После каждого вопроса Женька делал паузу, чтобы как-то обдумать ответ. Но что тут обдумывать. Тогда он попробовал рассказать о себе: “в прошлом году, летом я был в деревне”. Женька выждал несколько секунд ожидая реакции. Её не было. Тогда он продолжил: “там у меня есть собака- Пират. Раньше она сидела на цепи и все думали что она злая, а потом её отвязали, соврал Женька, оказалось что она добрая”.
– А у тебя есть собака?”,– обратился он к Себастьяну.

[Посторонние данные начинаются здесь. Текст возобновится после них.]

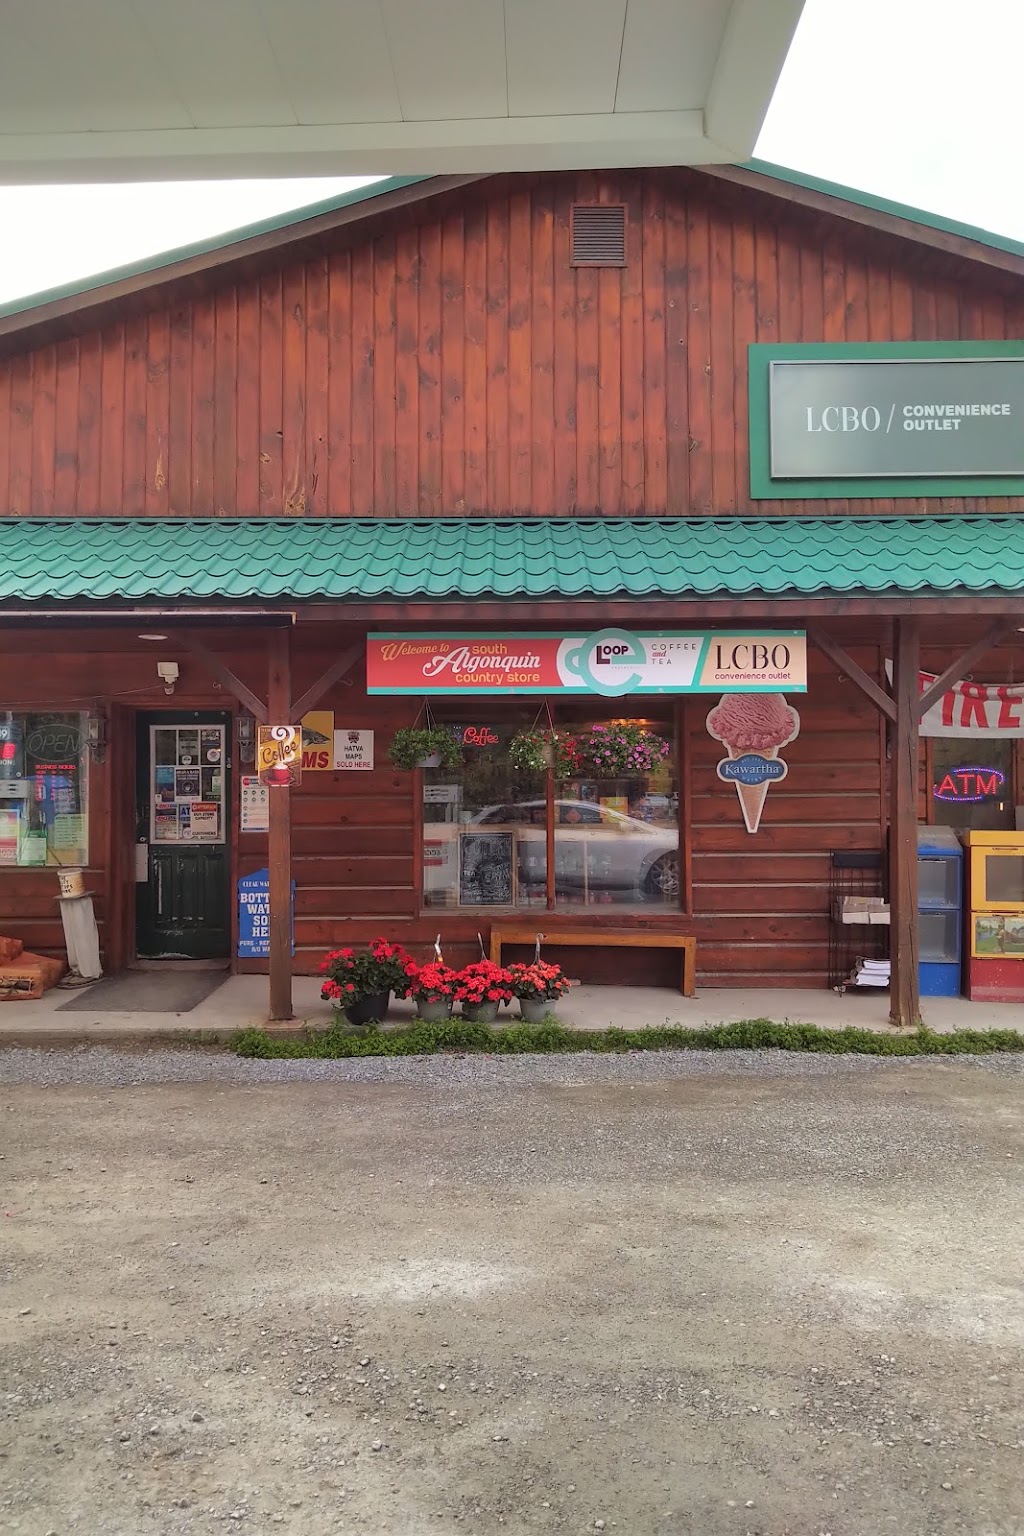 South Algonquin Country Store | cafe | 3895 Loop Rd, Harcourt, ON K0L 1X0, Canada | 7054483788 OR +1 705-448-3788

– Да мало ли собак? брезгливо и даже насмешливо,через губу фыркнул тот. Это просто взбесило Женьку: “как это мало ли собак. Я ему о самом сокровенном, о своём друге, который мне снится. Я бы всё отдал чтобы сейчас погладить его или услышать его лай, а он: -“мало ли собак”. К горлу подступил комок. Женька перестал владеть собой и громко выпалил: “да что ты вообще понимаешь? Идёшь тут галстук нацепил, белую рубашку… Брюхо отъел в городе… каждый год в лагере… ненавижу всех рыжих, ненавижу”. Женька дал волю чувствам и уже себя не сдерживал. Он кричал и визжал, шипел, посылал проклятия и желал смерти. Он высмеивал внешность, имена, одежду, ну и конечно цвет волос. Чем больше Женька бесился, тем больше болела голова. Боль, буквально обволакивала, пульсировала в висках и затылке но вдруг всё закончилось, так, как будто бы и не начиналось. Все трое шагали уже не по траве, а по вполне твёрдой дороге, проложенной через лес или парк. Как они вышли на дорогу Женька не мог вспомнить, так же, как не мог он вспомнить как прошла его истерика. А может её и не было. И к тому же голова уже не болела. Женька попытался проанализировать своё поведение и как вести себя дальше, после таких откровений. Было очень стыдно. Отец всегда учил Женьку держать себя в руках, да и раньше с ним такого не случалось. Стоит ли дальше о чём-то спрашивать или что что-то рассказывать о себе, а может продолжить этот спектакль и просто уйти? Женька оглянулся. Сзади была дорога и впереди дорога, а по бокам лес. Не свернуть же в лес? Это выглядело бы, как минимум странно.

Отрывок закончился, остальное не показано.